Task to carry out
Transcribe the listing exactly, so that nothing but the pictures is missing.

Material provided
# # # # #

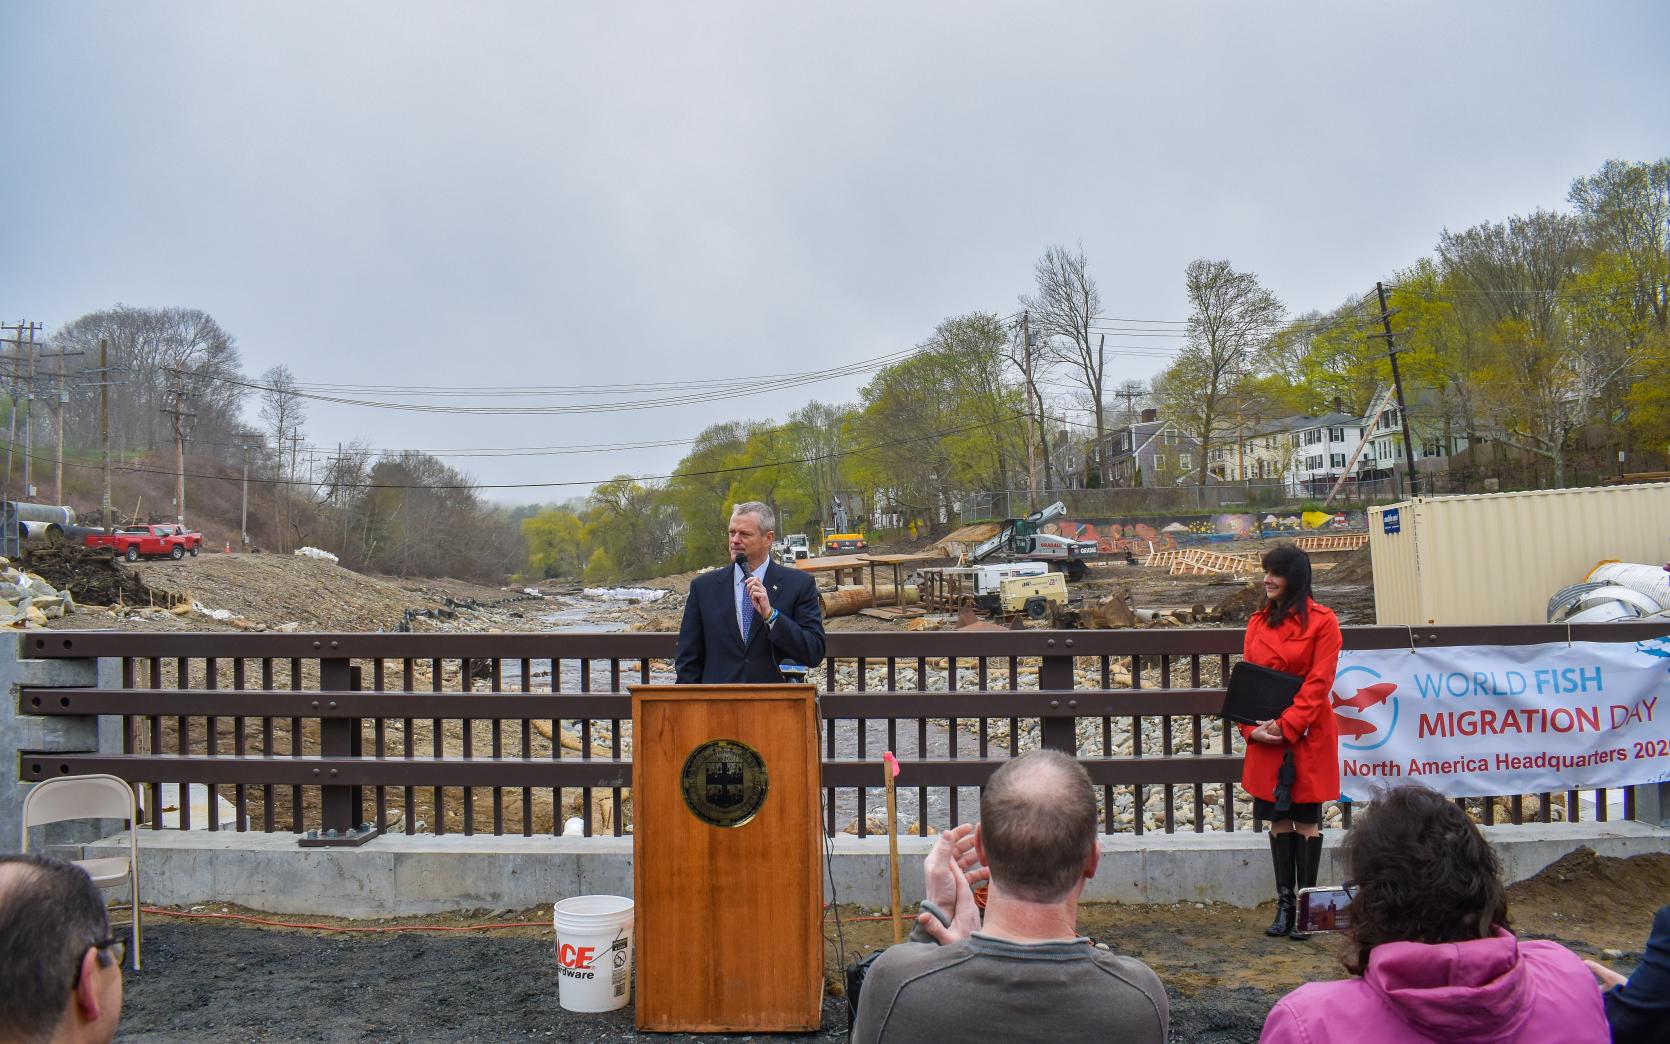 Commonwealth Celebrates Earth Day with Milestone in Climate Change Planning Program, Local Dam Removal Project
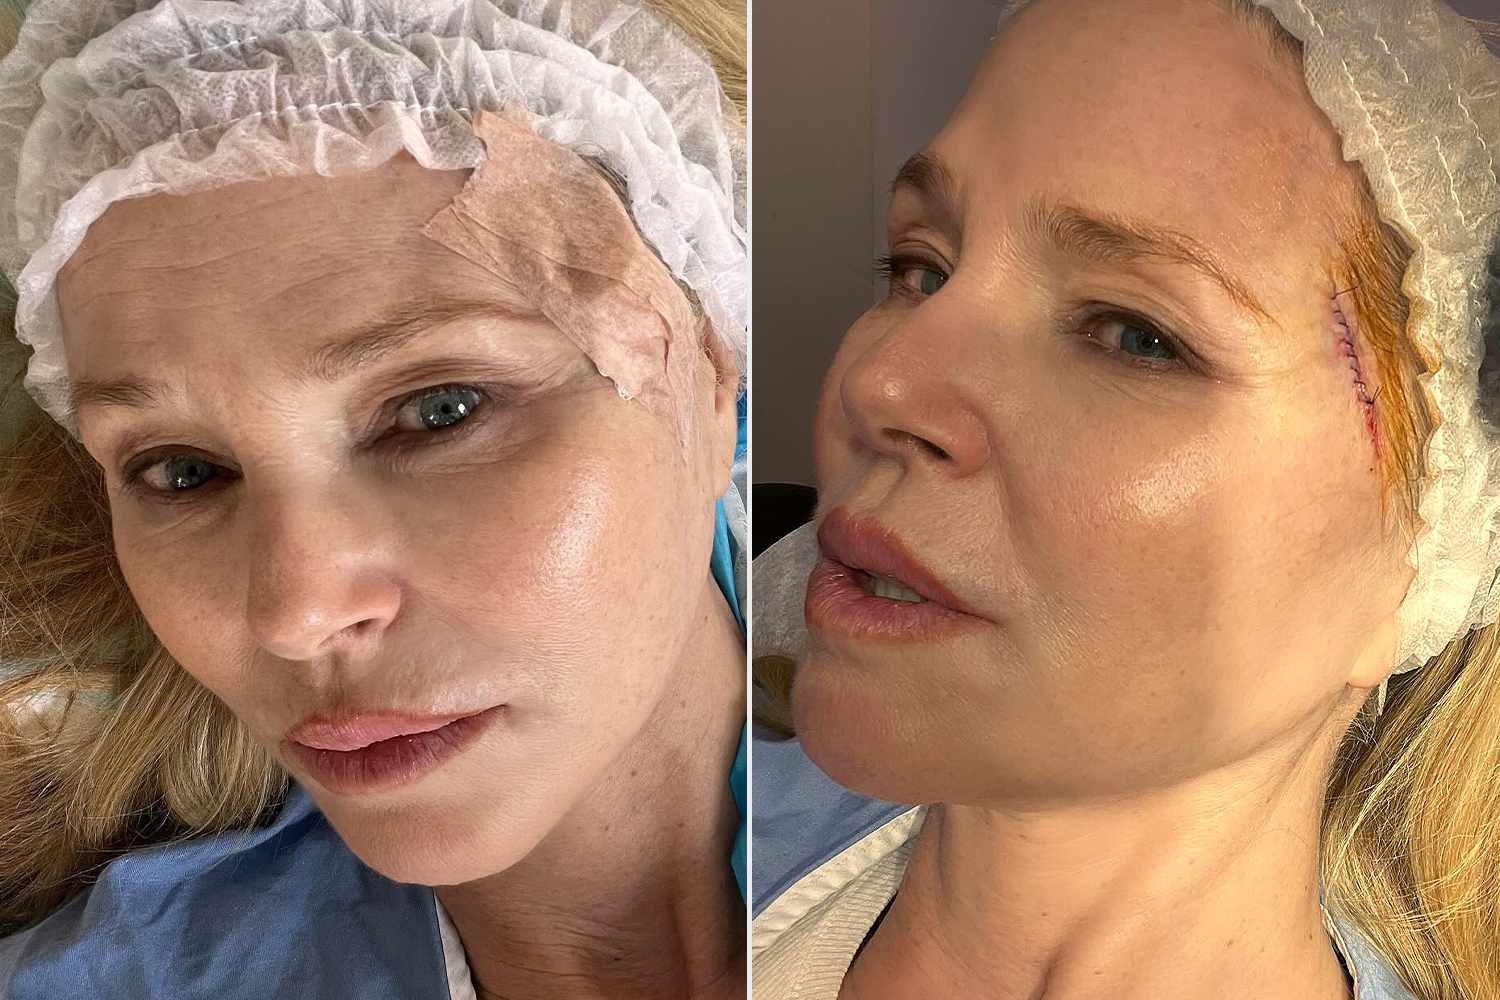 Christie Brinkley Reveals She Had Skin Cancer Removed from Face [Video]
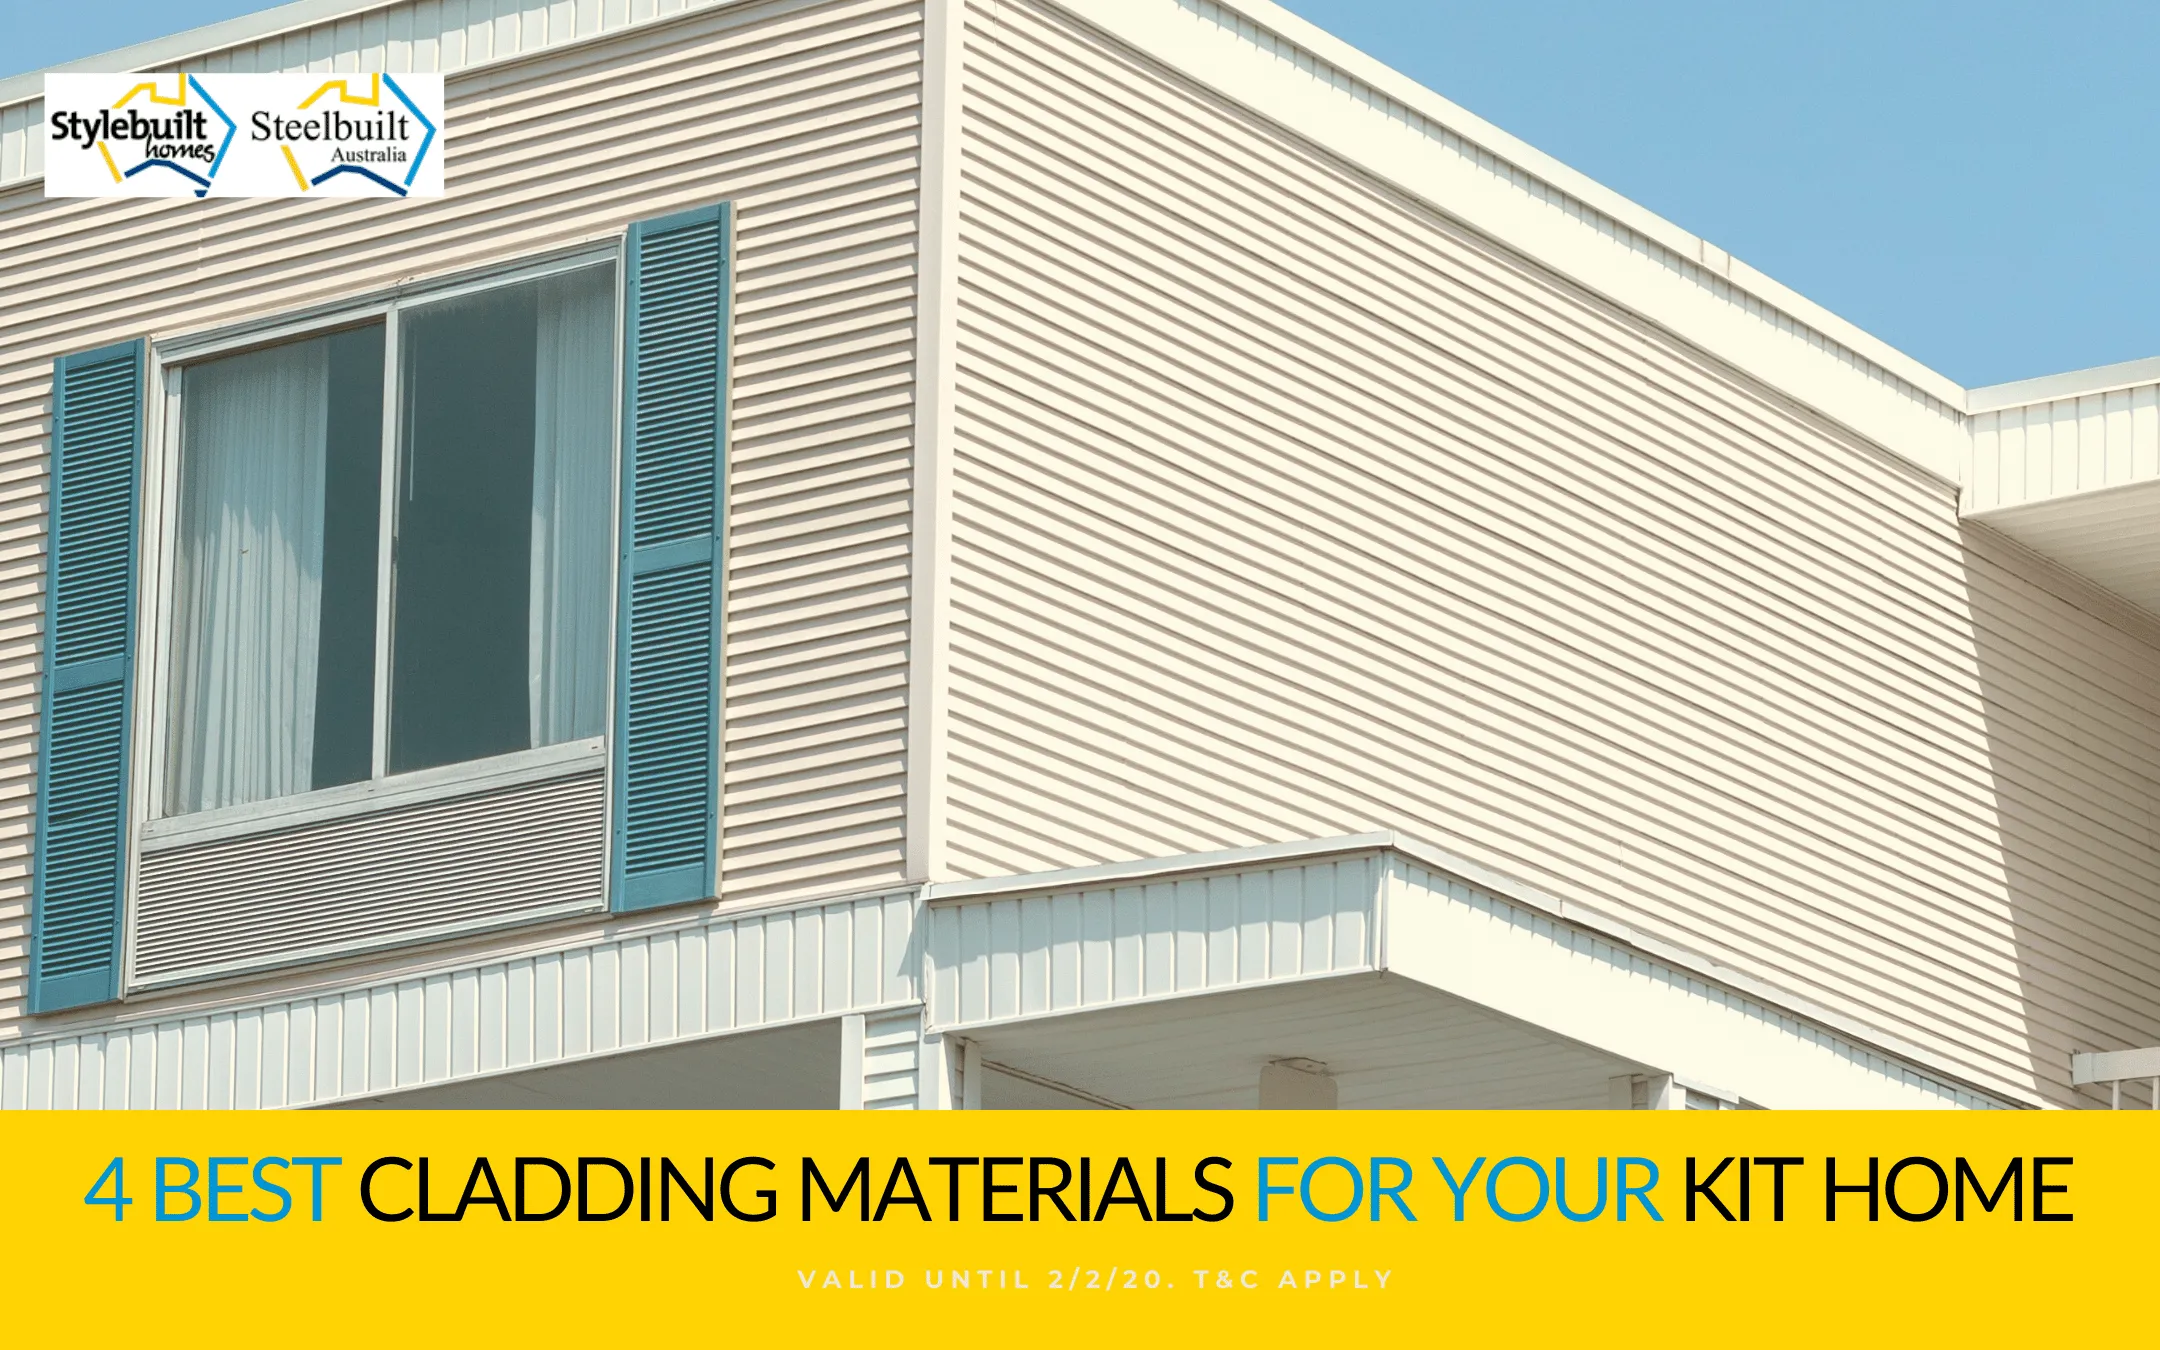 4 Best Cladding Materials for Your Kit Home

# # # # #

Your response
 Commonwealth Celebrates Earth Day with Milestone in Climate Change Planning Program, Local Dam Removal Project
 Christie Brinkley Reveals She Had Skin Cancer Removed from Face [Video]
 4 Best Cladding Materials for Your Kit Home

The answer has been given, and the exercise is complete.